This is a group of three stumbling stones located at St. Annen-Straße 12 where the Emmering family lived and had their shop.

Eva Emmering was born in Lübeck on 27 October 1909, the youngest of Benjamin and Sara Emmering’s three children. Unlike her older sister Elena, who had been born in the Netherlands, Eva’s earliest life was directly tied to Lübeck and he attended St. Marien Girls’ Primary School from Easter 1916 until 1922, then St. Jürgen Girls’ Middle School, and took religious classes in the synagogue diagonally opposite her family’s home.

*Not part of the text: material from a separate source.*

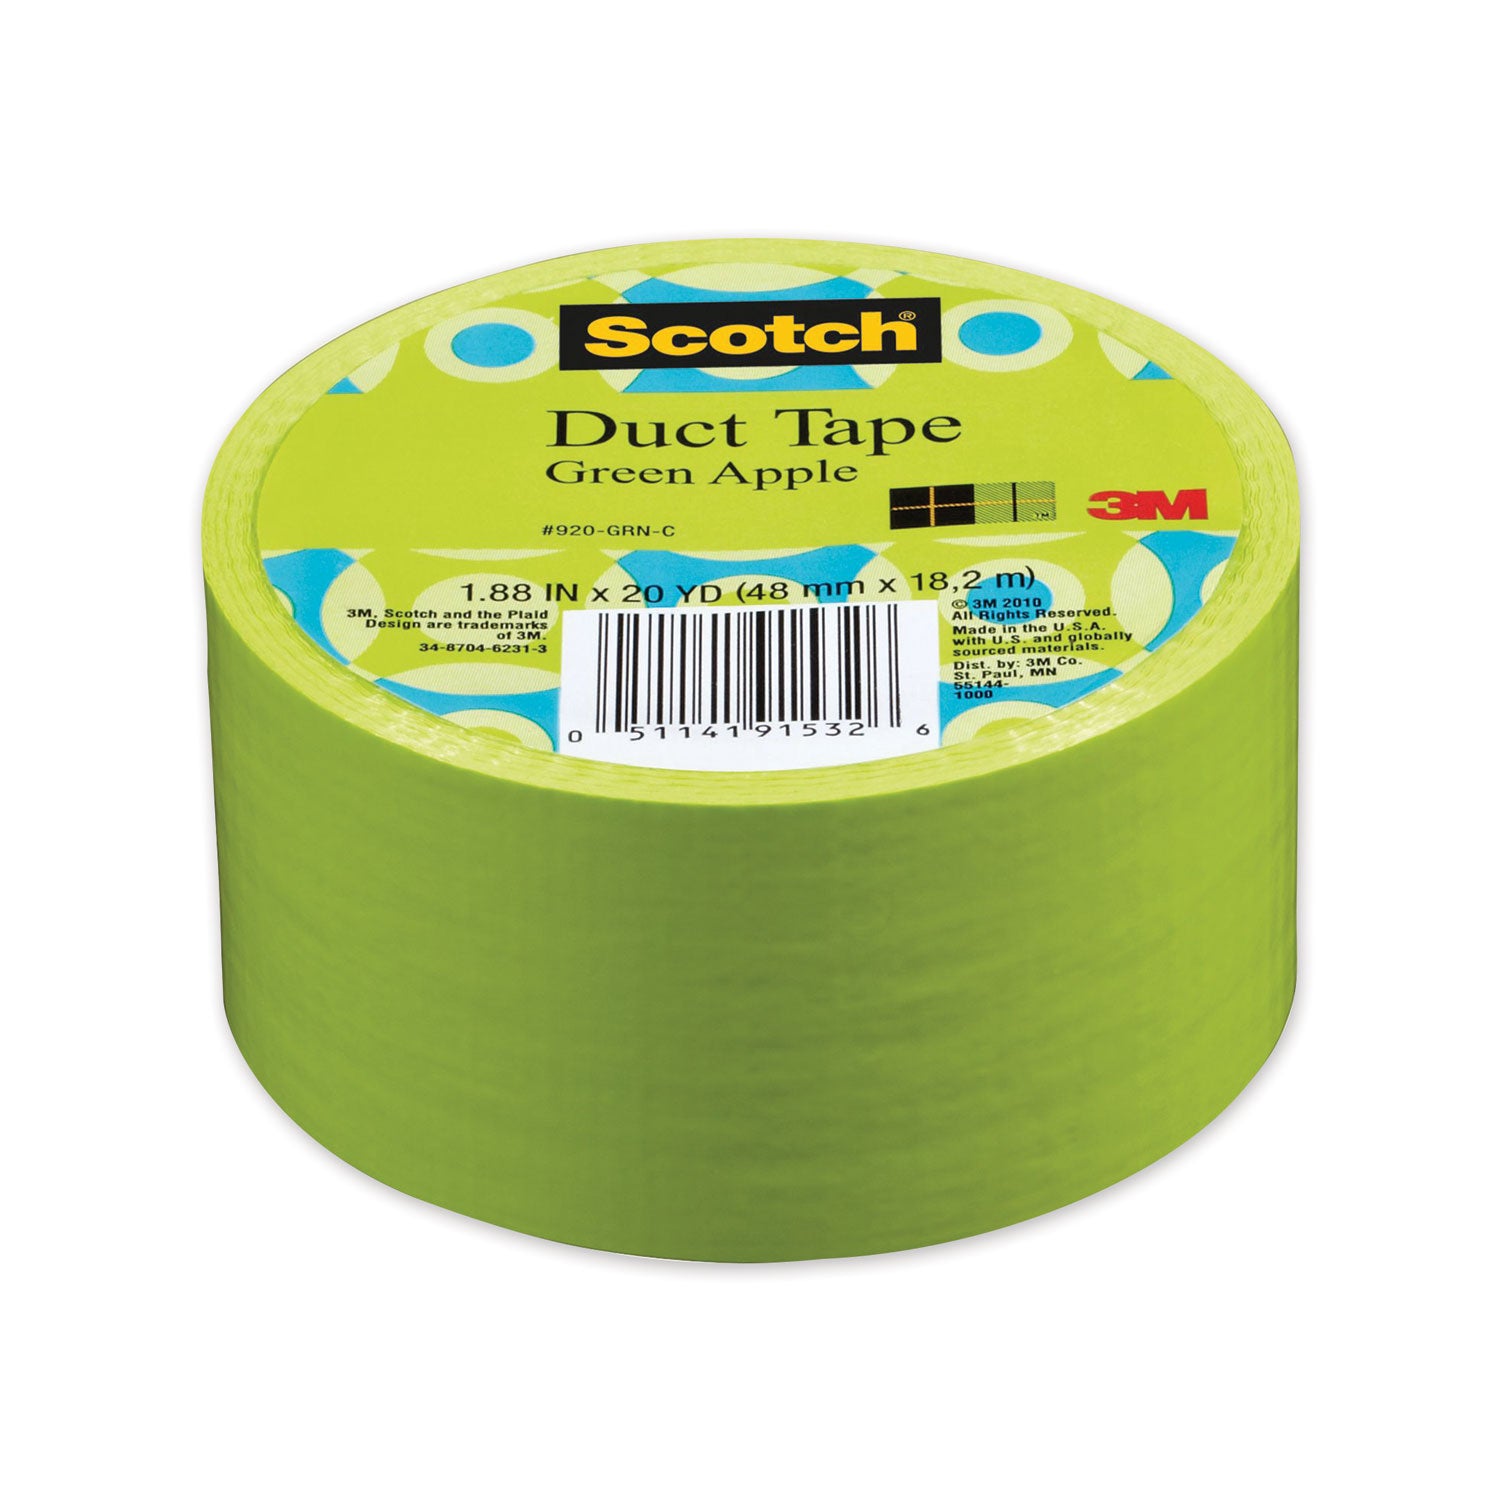 duct-tape-188-x-20-yds-green-apple_mmm70005059269 - 1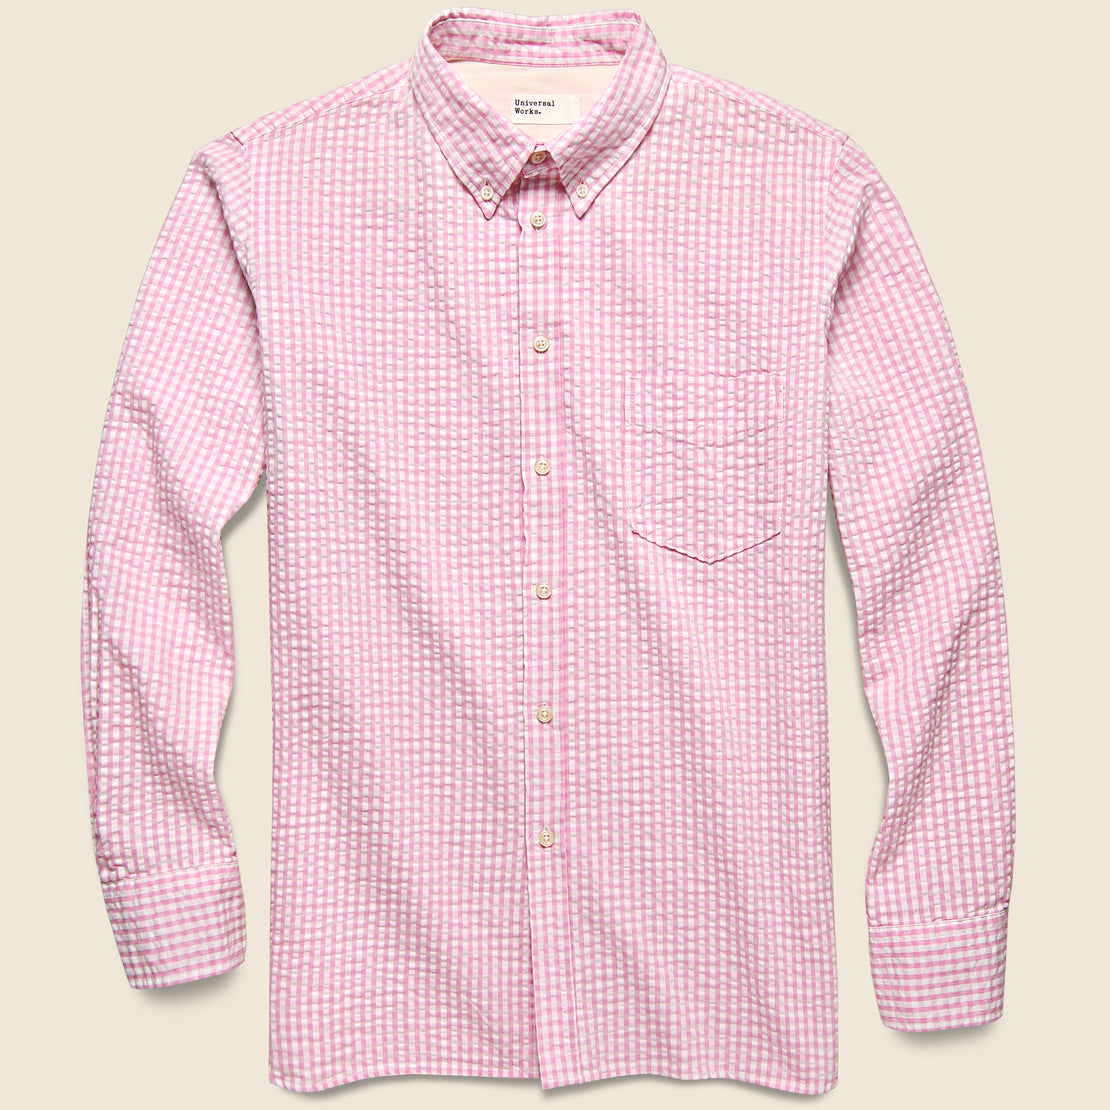 Universal Works Everyday Shirt - Pink Gingham Seersucker

Eva became a sales clerk, while her brother Aron Adolf also entered commercial work and later ran his own business. After their father Benjamin died in 1932, Eva and Elena returned from Hattingen to Lübeck to support their mother, Sara, whose illness led to her admission to Strecknitz Mental Hospital. In 1933, Eva fled to the Netherlands with Elena, and by 1941 the two sisters were living in Amsterdam at Govert Flinckstraat 98. After what must have been a hugely challenging few years, Eva and Elena must have felt some safety in Amsterdam away from the Nazi horrors. Unfortunately, the invasion of the Netherlands put them in danger once again.
Eva was interned at Westerbork and deported to Auschwitz, where she was murdered on 29 August 1942. She was 33. The death certificates for both sisters recorded Auschwitz I, and the doctor who signed them was Johann Paul Kremer (1883-1965), notorious for his involvement in experiments on prisoners. I don’t think I want to know what happened there, this family suffered terribly over the years as it was. Kremer was sentenced to death for his war crimes, but it was commuted to a prison sentence before he was released.